Pantau - Perserikatan Bangsa-Bangsa (PBB) melaporkan hampir 48.000 warga Palestina terpaksa mengungsi ke selatan dalam dua hari terakhir akibat intensifikasi serangan darat oleh militer Israel di Gaza City.
Data dari Kantor PBB untuk Koordinasi Urusan Kemanusiaan (OCHA) mencatat bahwa sejak pertengahan Agustus hingga 15 September 2025, telah terjadi lebih dari 190.000 pergerakan pengungsian di Jalur Gaza.
Pengungsi Berjalan Kaki hingga 9 Jam dalam Kondisi Ekstrem
Mayoritas pengungsi merupakan keluarga yang dipimpin oleh perempuan dan lansia, yang harus berjalan kaki hingga sembilan jam dalam kondisi panas ekstrem.
Sebagian besar pengungsi tidak mengenakan alas kaki dan membawa anak-anak yang terluka tanpa akses kendaraan atau bantuan medis langsung.
Permintaan tenda darurat meningkat tajam karena banyak warga tiba di wilayah selatan tanpa tempat tinggal.
OCHA mencatat lebih dari 1.500 orang, termasuk 900 anak-anak, telah menerima bantuan darurat seperti air bersih, perawatan medis, dan dukungan psikososial.
Namun, fasilitas kesehatan di Gaza mengalami tekanan berat.
Rumah Sakit Al-Quds Rusak, Pos Medis PBB Terbatas
Rumah Sakit Al-Quds di Gaza City mengalami kerusakan akibat pengeboman dan kini digunakan sebagai tempat penampungan sementara bagi para pengungsi.
Dari enam pos medis yang dioperasikan oleh PBB di Gaza City, hanya tiga yang masih berfungsi.
OCHA menyebut bahwa tekanan terhadap fasilitas medis menghambat penanganan luka, penyakit menular, dan kebutuhan dasar lainnya di tengah krisis kemanusiaan yang memburuk.

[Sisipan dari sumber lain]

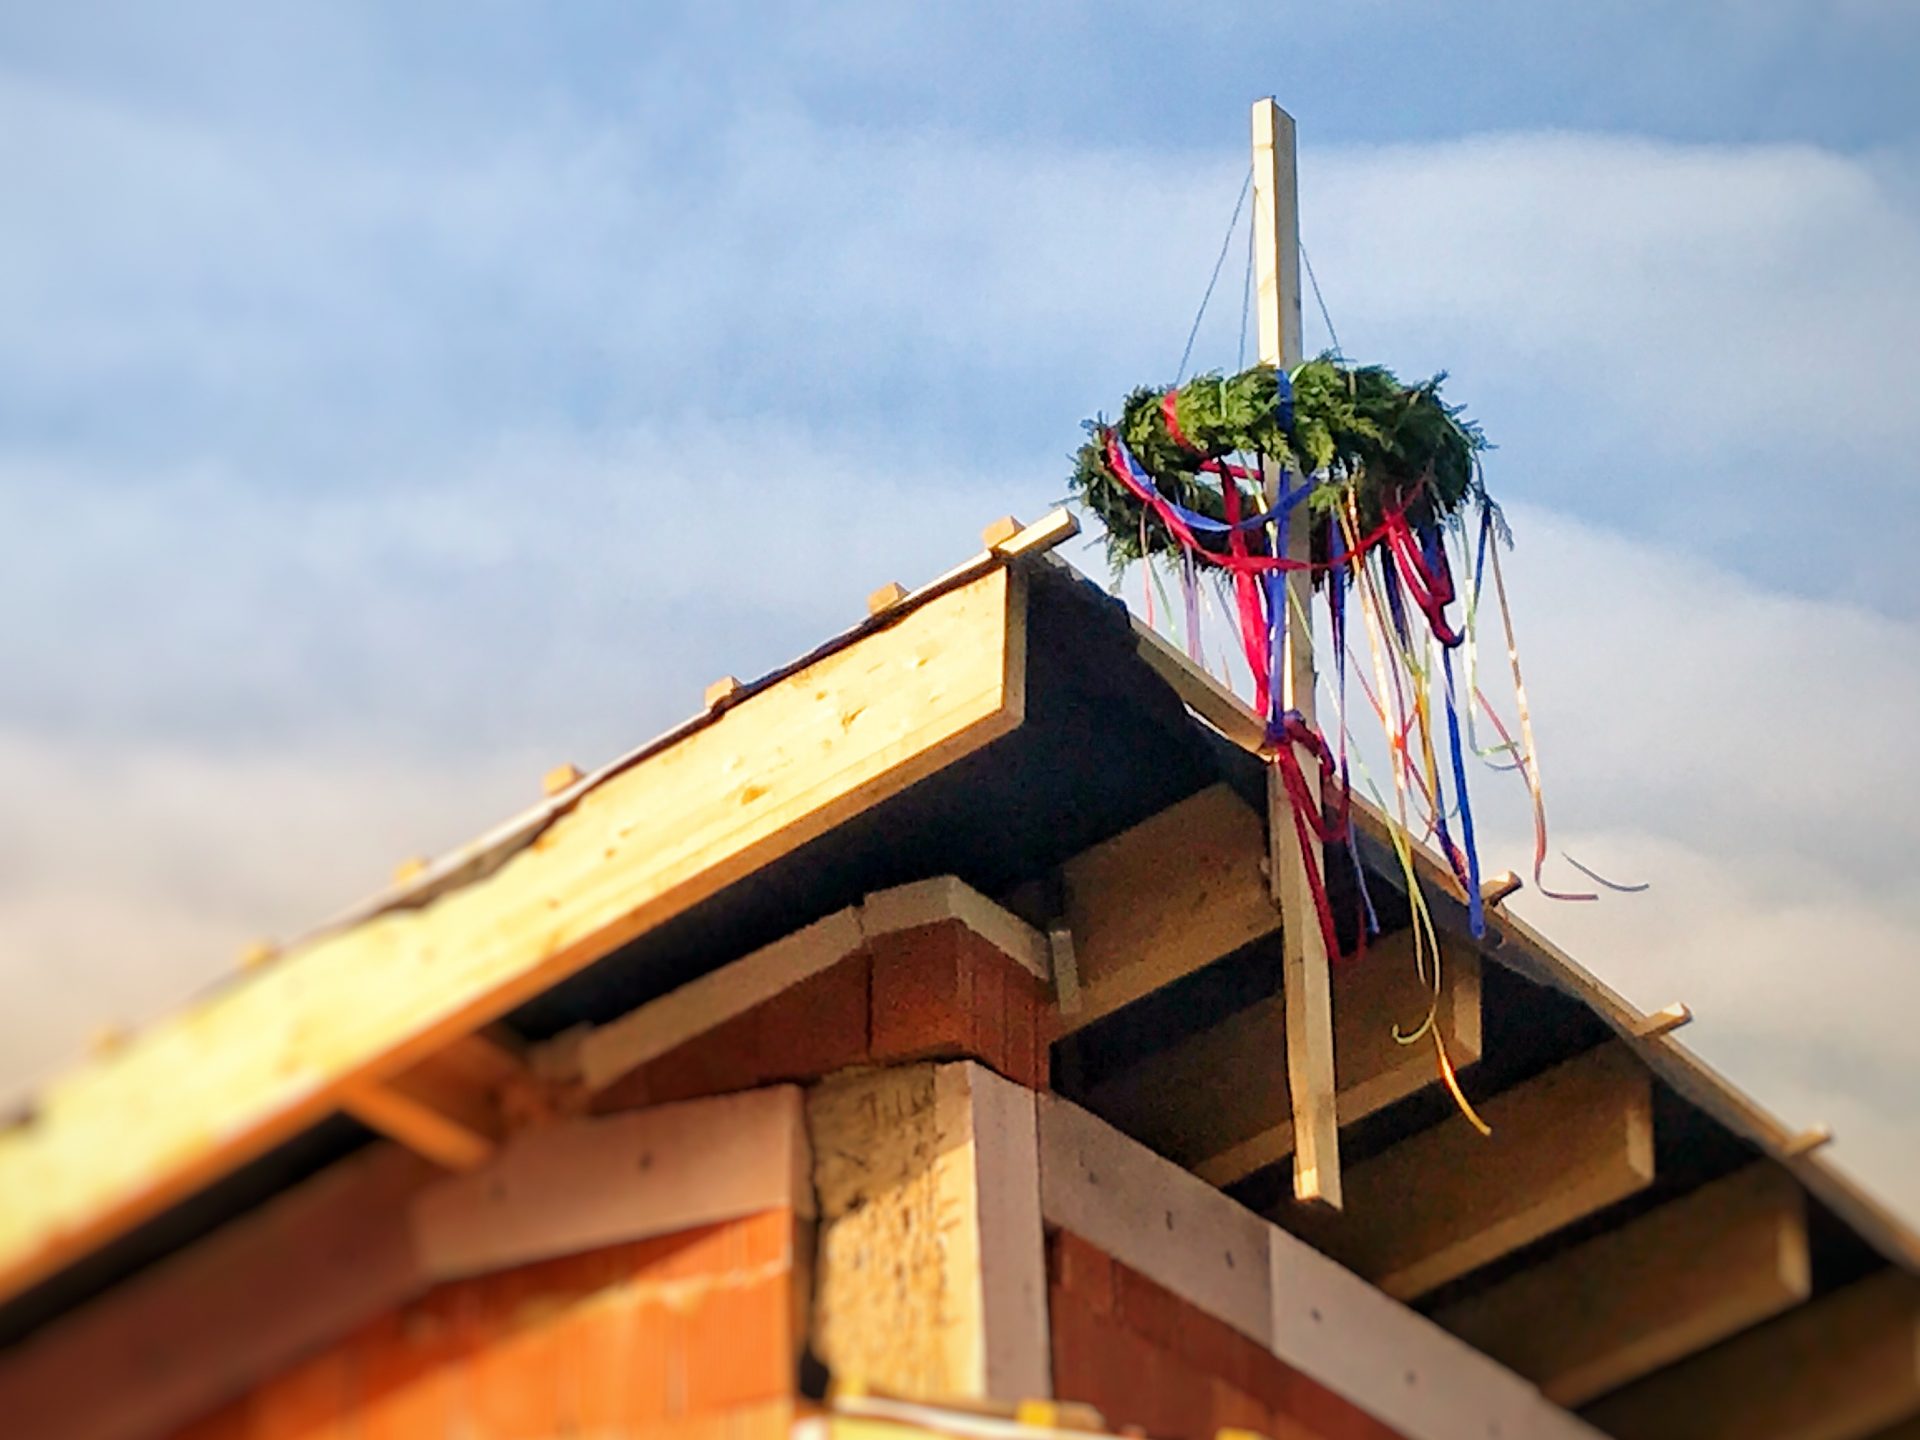 Bunter Richtkranz auf dem Dach des Dorfgemeinschaftshauses.
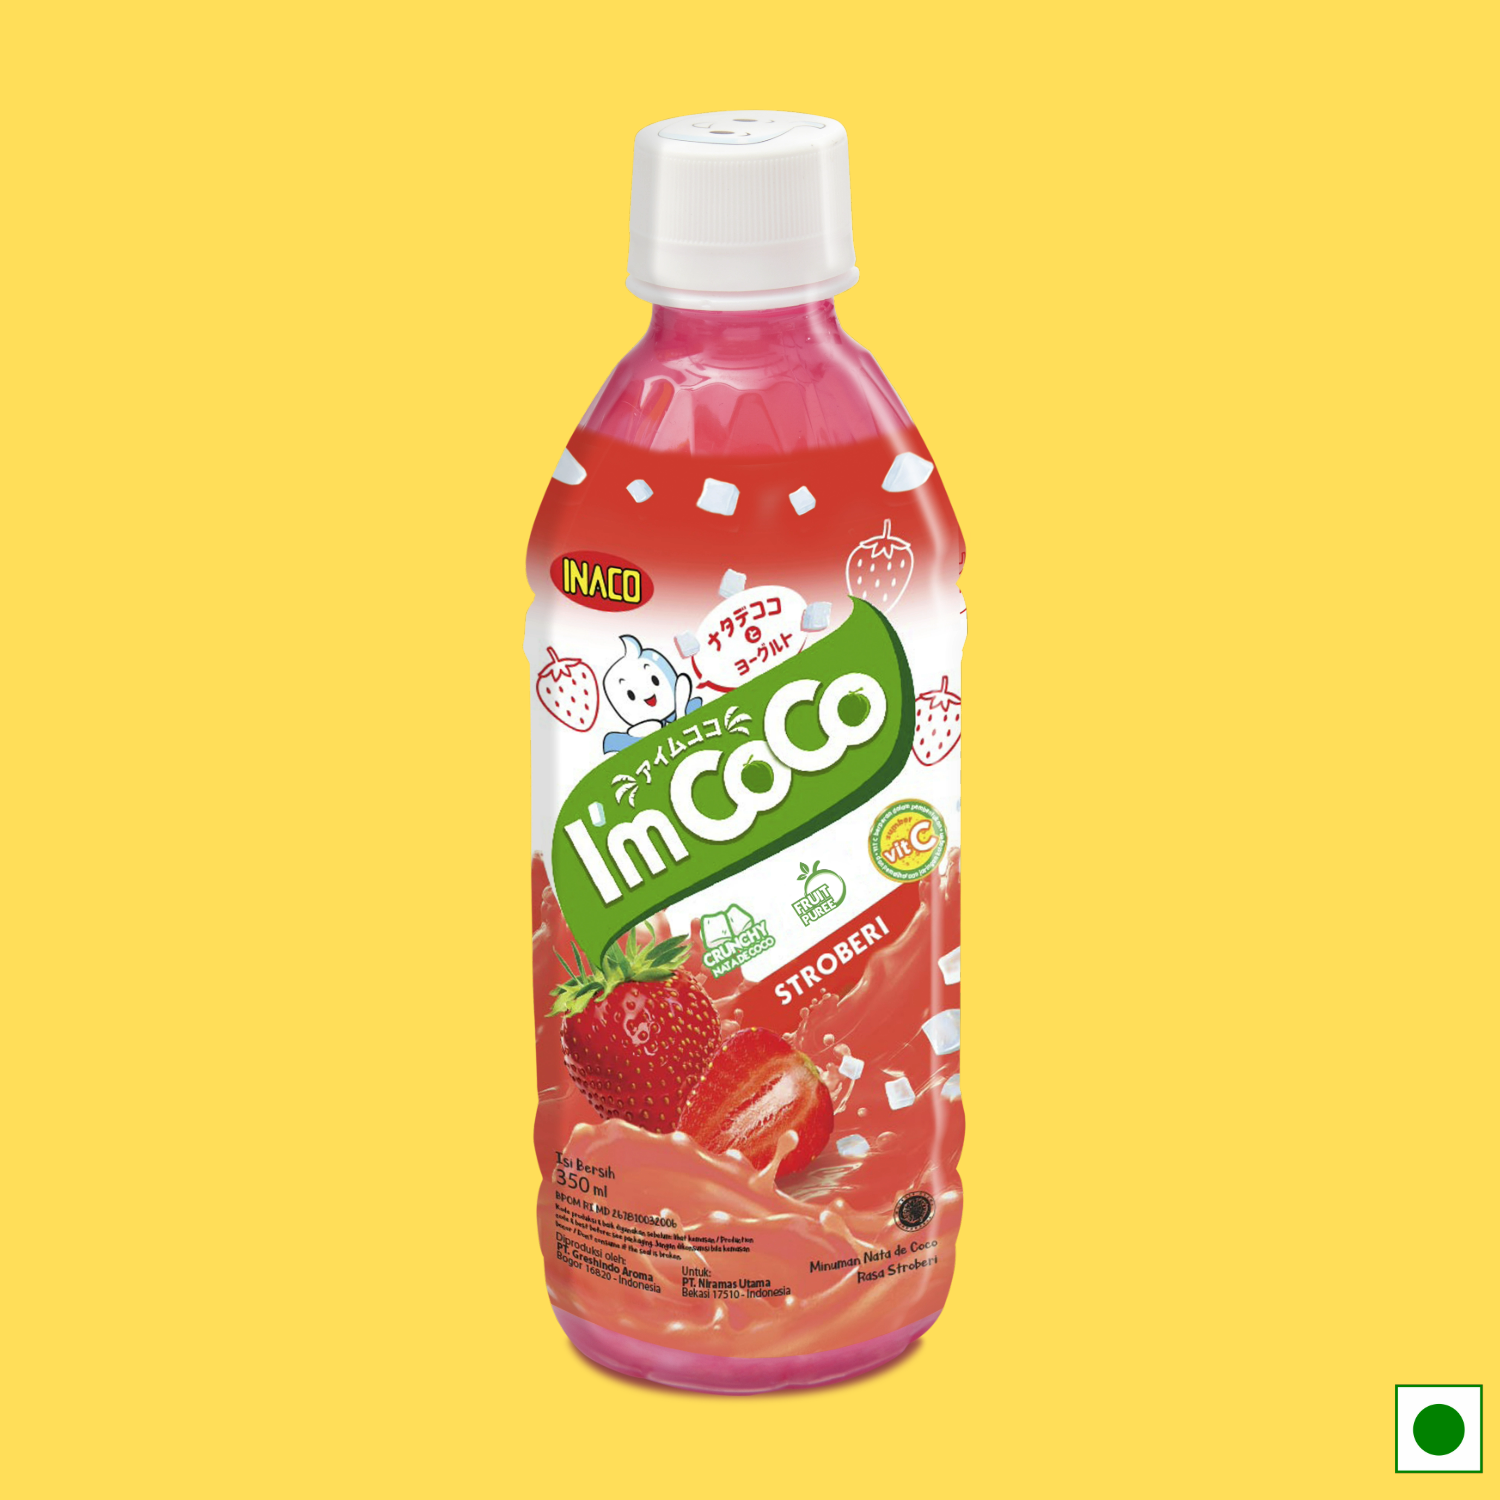 INACO I'm Coco Strawberry, 350ml (Imported)

Perbatasan Ditutup, Bantuan Tertahan
Situasi makin genting setelah perlintasan perbatasan Zikim ditutup selama empat hari terakhir.
Penutupan ini membuat misi pengiriman bahan bakar dan obat-obatan dibatalkan karena alasan keamanan, kemacetan, dan maraknya penjarahan.
Konvoi bantuan kemanusiaan juga sering tertunda, mengakibatkan suplai tidak sampai kepada warga sipil yang paling membutuhkan.
PBB menyatakan bahwa distribusi bantuan di lapangan semakin sulit, namun tetap berkomitmen untuk menyalurkan bantuan penyelamat nyawa di seluruh Jalur Gaza.
Meski menghadapi risiko tinggi dan keterbatasan logistik, lembaga-lembaga kemanusiaan PBB menegaskan terus beroperasi untuk memberikan layanan kritis bagi warga sipil.